The wish-list features discussed in this chapter are:
• More Control Over Application Hiding
• Different Modifier Keys
• Quitting Applications
• Notification
More Control Over Application Hiding
You can hide the current application by option-clicking a tile to bring forward a different application, and you can select Always Hide Others to hide all other applications whenever you click a tile. In addition to these existing features, many people would like to be able to select certain applications and have them either always be hidden or never be hidden.
I think this would be great, and I think I know a way to do it cleanly and safely. If so, this feature will definitely appear in a future release.
A related feature would be to dim the icons of applications which are currently hidden. The Application menu does this, and it would be nice if The Tilery would do it, too. Again, I think I know a way, and I will add the feature in the near future if it works out.
Different Modifier Keys
Just plain clicking a tile brings an item forward. Option-clicking also hides the outgoing application. ⌘-clicking merely selects the tile and enables some of the Tile menu items. Shift-clicking temporarily disables “Always Hide Others.” That’s a total of four different ways to click to produce different effects, and it’s hard to remember them all. Some people would like to use different modifier keys than the ones I chose, and would like it even better if they could change them to taste.
Unfortunately, I don’t have complete control over the effects of these keys. Option-click is the troublesome one: it is interpreted by the system, not by The Tilery, and it can’t be changed. Any time you option-click a window of a background app, the system (not The Tilery) will hide the frontmost application.
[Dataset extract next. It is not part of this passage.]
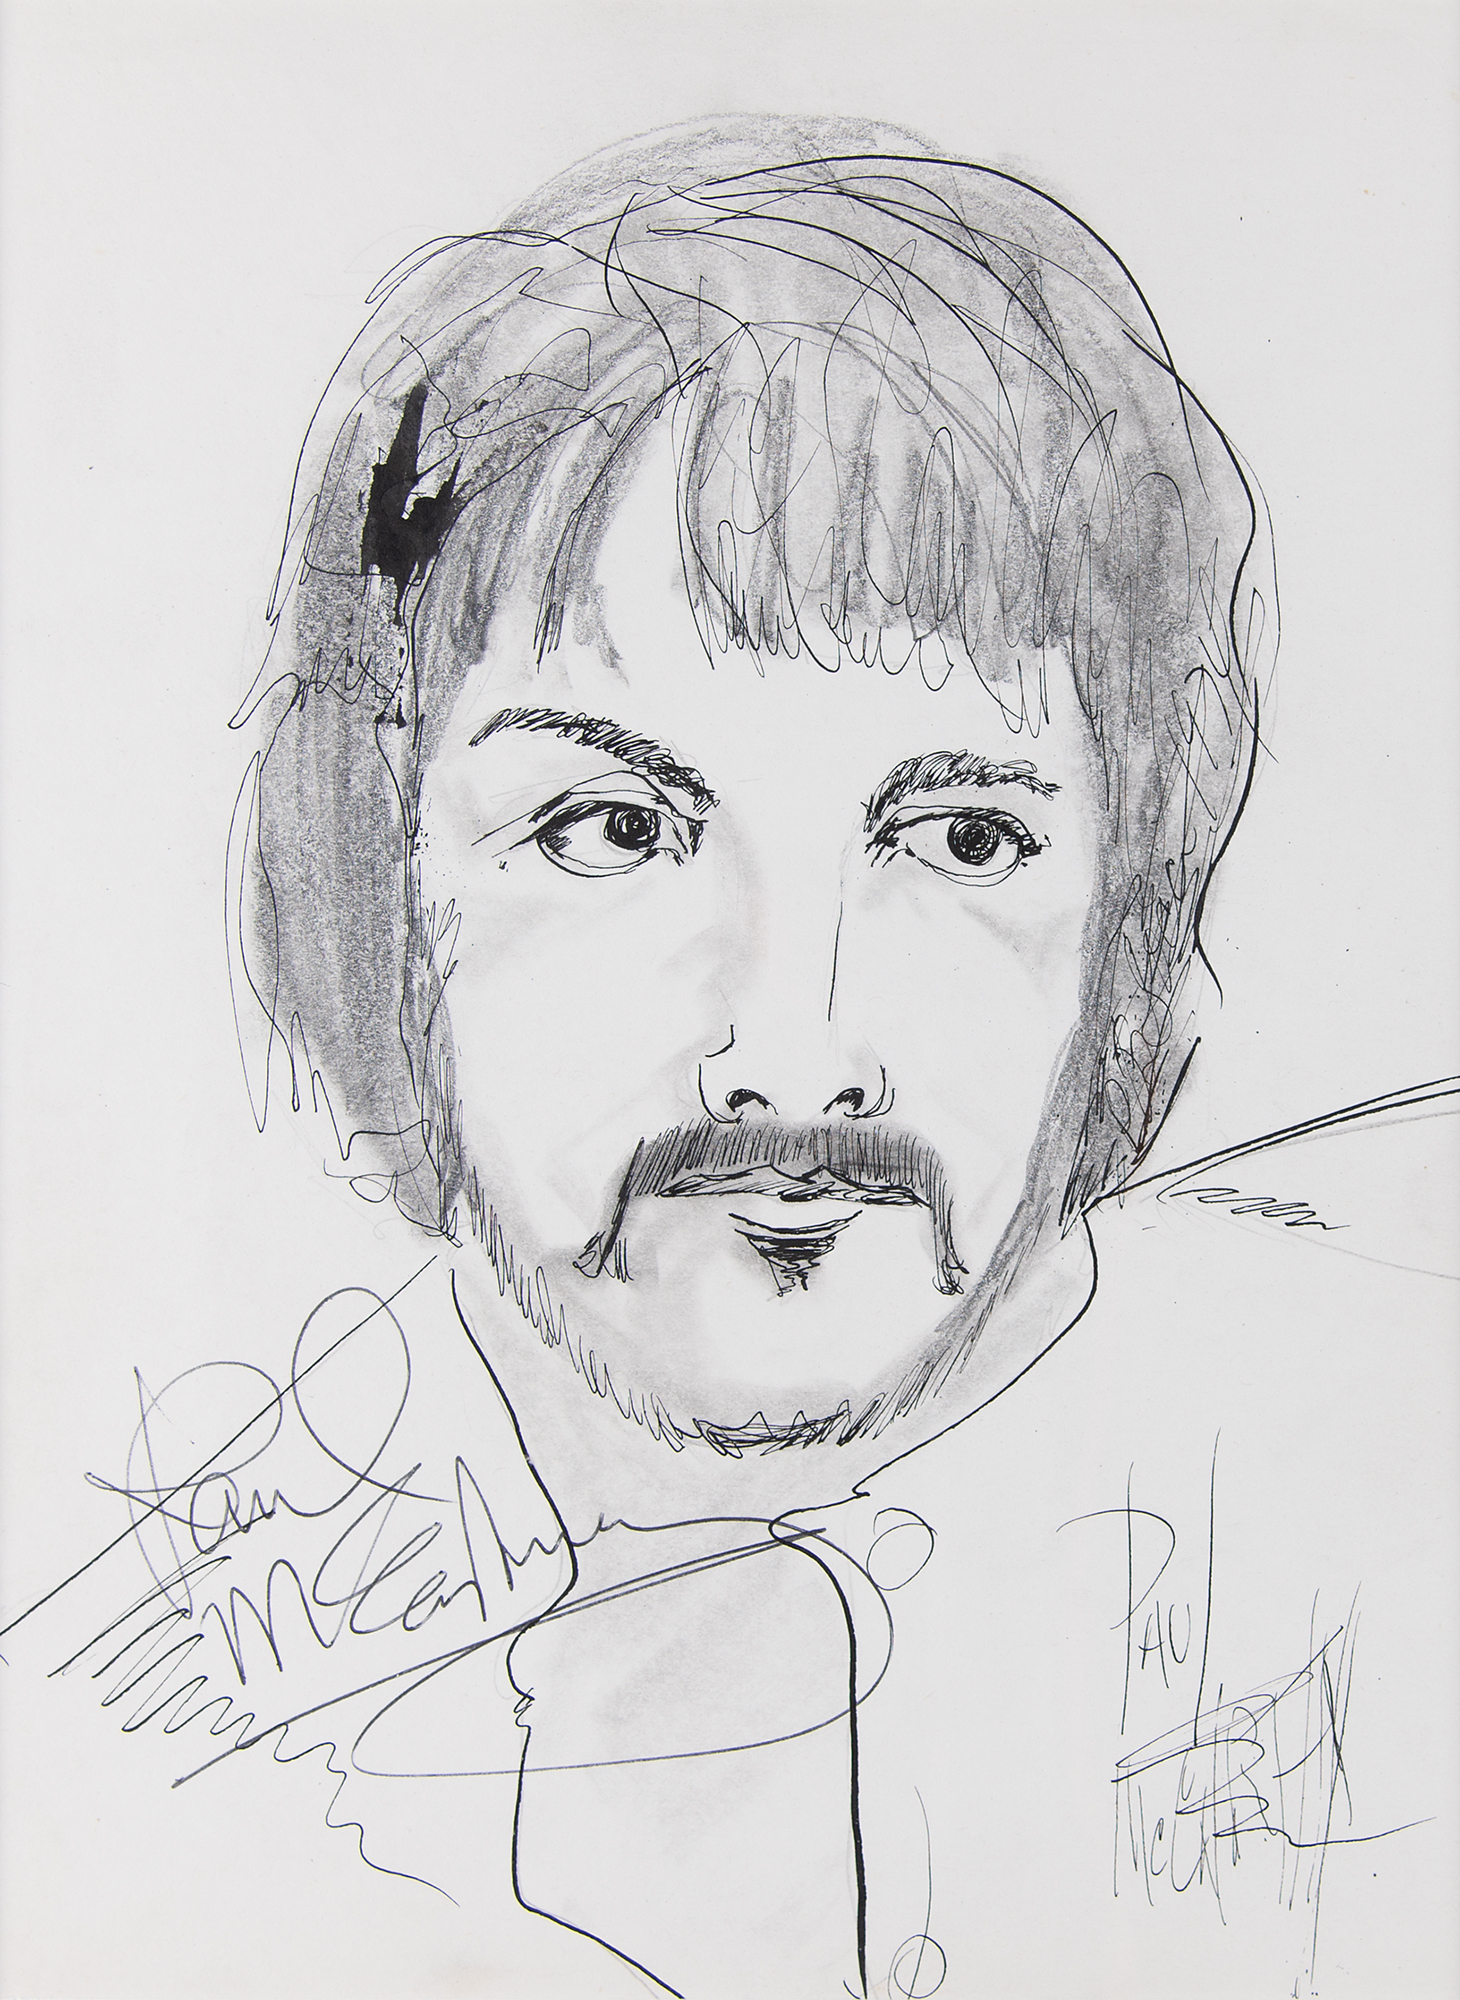 Beatles: John Lennon and Paul McCartney Signed Sketches | RR Auction

Holding down other keys at the same time (such as Shift-option-click or
‚åò-option-click) has the same effect.
Shift-click and ⌘-click are under The Tilery’s control. But it’s much less useful to be able to change those when option-click can’t be changed; about all you could do would be to swap what they do, and that’s not much use. For this reason I’ve simply left the feature out.
Quitting Applications
Some people have asked to be able to make an application quit by clicking its tile in some special way. This wouldn’t be difficult to do, but I am running short of “fancy clicks” and I think I’d better conserve the remaining ones for more popular uses that may arise. (See “Different Modifier Keys” above.) And anyway, it’s not hard to click a tile and type ⌘Q to make an application quit.
Notification
When an application in the background needs to say something important to the user, it can make the Application menu icon flash, place a special “diamond” or other mark by its name in the menu, and/or make a special sound. It would be nice if the application’s tile also displayed that same “diamond” mark, or was otherwise distinguished in order to show that the application needs user attention. I am not certain if this feature can be safely added to The Tilery; but I will be investigating it, and it may appear in a later version.